The triumphant reopening of Notre-Dame de Paris last month marked the culmination of an almighty effort to restore the medieval cathedral after a devastating fire destroyed its spire and roof and caused extensive damage to its interior in April 2019.


The spectacular ceremony, attended by no less than fifty world leaders and numerous dignitaries, demonstrated just how culturally and nationally significant Notre-Dame is to the French people, and it also served as an inspirational commitment to the preservation of their architectural heritage.


Watching the celebration of five years of French national effort, my thoughts were inevitably drawn to what could be achieved if Scotland united around the restoration of our country’s greatest ever architectural achievement, the Glasgow School of Art’s Mackintosh Building, which suffered a second devastating inferno the summer before Notre-Dame burned. Its gutted shell has loomed like a ruined castle over Sauchiehall Street ever since.


The Mack is a building of immense international significance to architecture and design, and it is crucial that we restore it, if we are to demonstrate any serious commitment to architectural heritage in this country anymore.

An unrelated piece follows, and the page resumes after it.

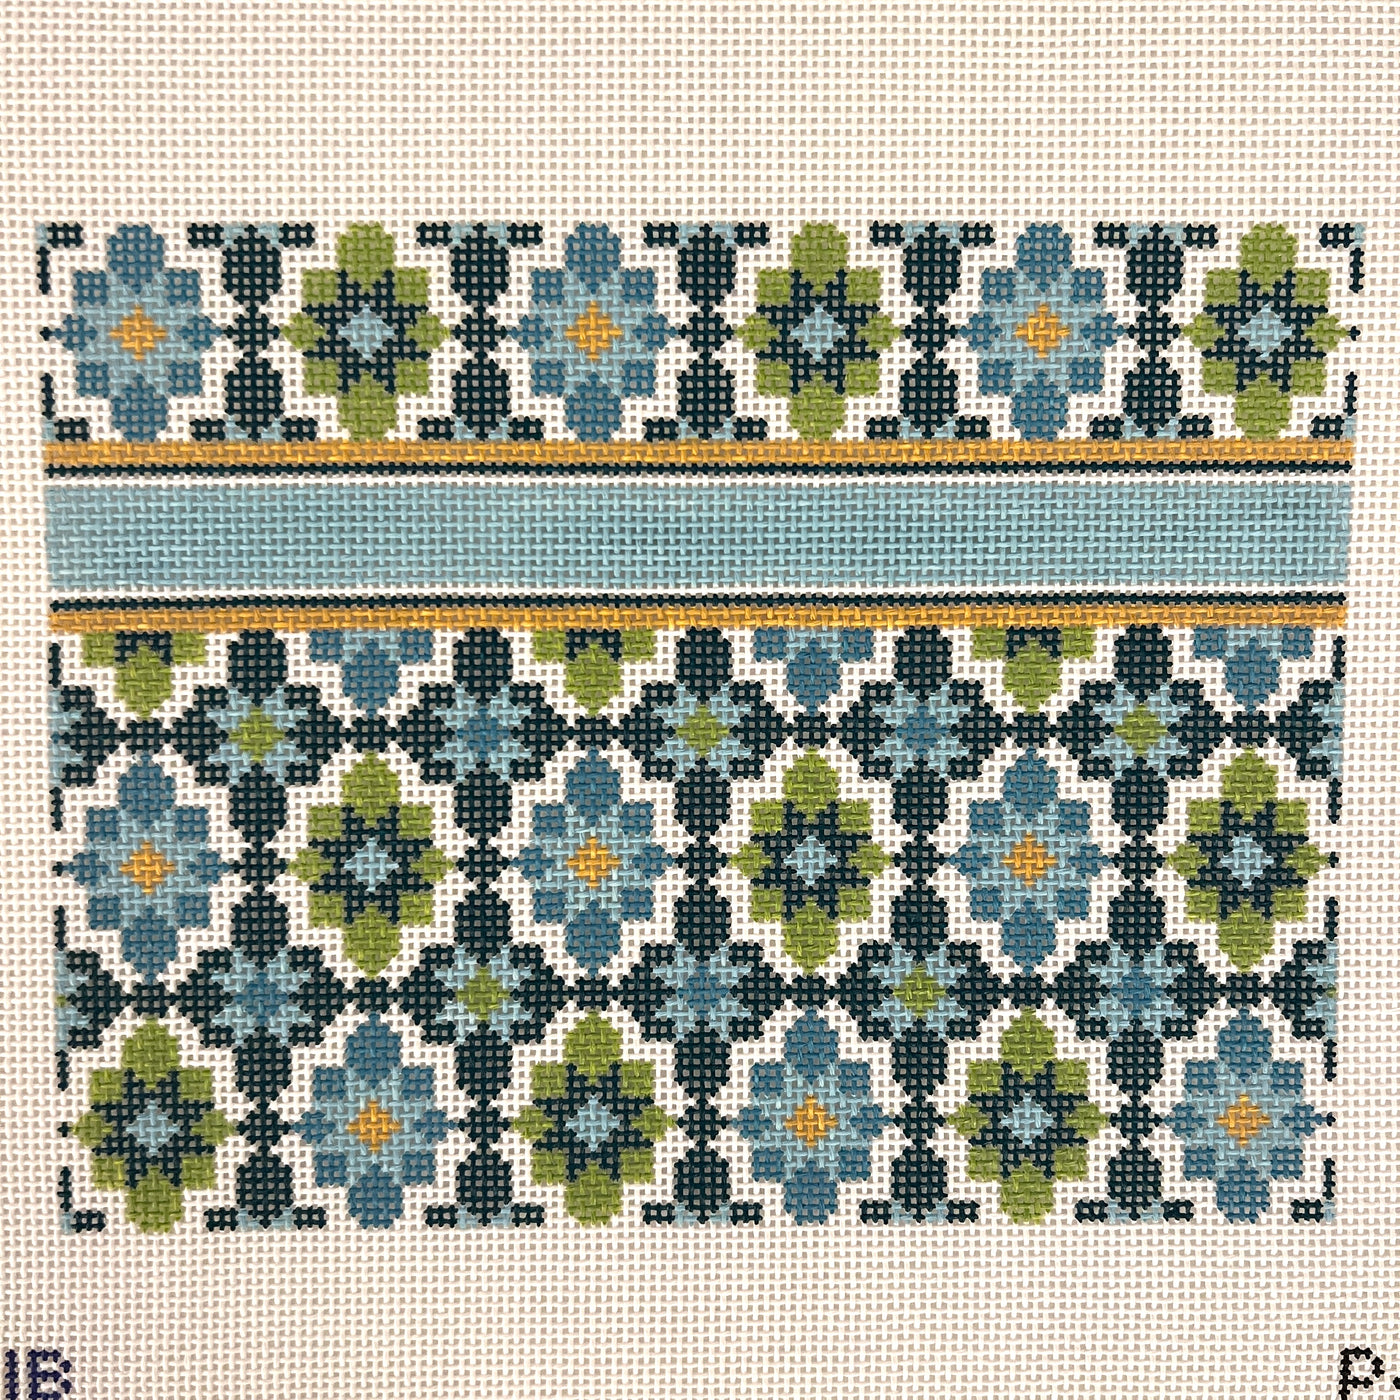 Turquoise Portugese Tile Clutch Needlepoint Canvas

Immediately after the Notre-Dame fire in April 2019, the French President, Emmanuel Macron, pledged to rebuild the cathedral within five years – a target that many thought was foolhardy. The state played a leading role in convening and expediting the project. It was an all-hands-on-deck approach to fundraising, project management and craftmanship to preserve a nations’ cultural heritage that is to be applauded and it is an example that we must learn from.


The Glasgow School of Art fires of 2014 and 2018 were a national – and international – catastrophe for architectural heritage. The Charles Rennie Mackintosh masterpiece is one of the most famous examples of the art nouveau style in the world. The cruel devastation of the second fire, and the stalemate since, is a source of continuing trauma for Glasgow, only aggravated by the recent unnecessary demolition of the landmark entrance portico at the adjacent fire-damaged ABC cinema on Sauchiehall Street by its unscrupulous owner, appeased by Glasgow City Council Building Control.


We are now more than seven years on, and restoration of the Mack remains an all too distant prospect. Progress is stymied by an ongoing legal dispute with the building’s insurers. Architects, firefighters, and engineers worked incredibly hard to save the structure of the building but a restoration of this scale and importance requires a united approach with assistance from both the UK Government and the Scottish Government. It is simply too big and complex a job for it to be left to the Glasgow School of Art’s board and small estates team alone.


That is why yesterday in Parliament I asked the Culture Secretary, Angus Robertson MSP to convene a special summit later this year, once the Glasgow School of Art publishes its strategic outline business case, bringing together both governments and all the key players across the architectural heritage sector in Scotland to establish a Special Purpose Vehicle to take forward the Mack restoration programme without any further unnecessary delay caused by the insurance issues. As President Macron said at the reopening ceremony of Notre-Dame, “every bit of it was necessary” and “we have rediscovered what great nations could do: achieve the impossible.”


In Glasgow’s 850th year, we must be similarly resolute in our civic and national ambition to see Charles Rennie Mackintosh’s great icon of Glasgow rise again.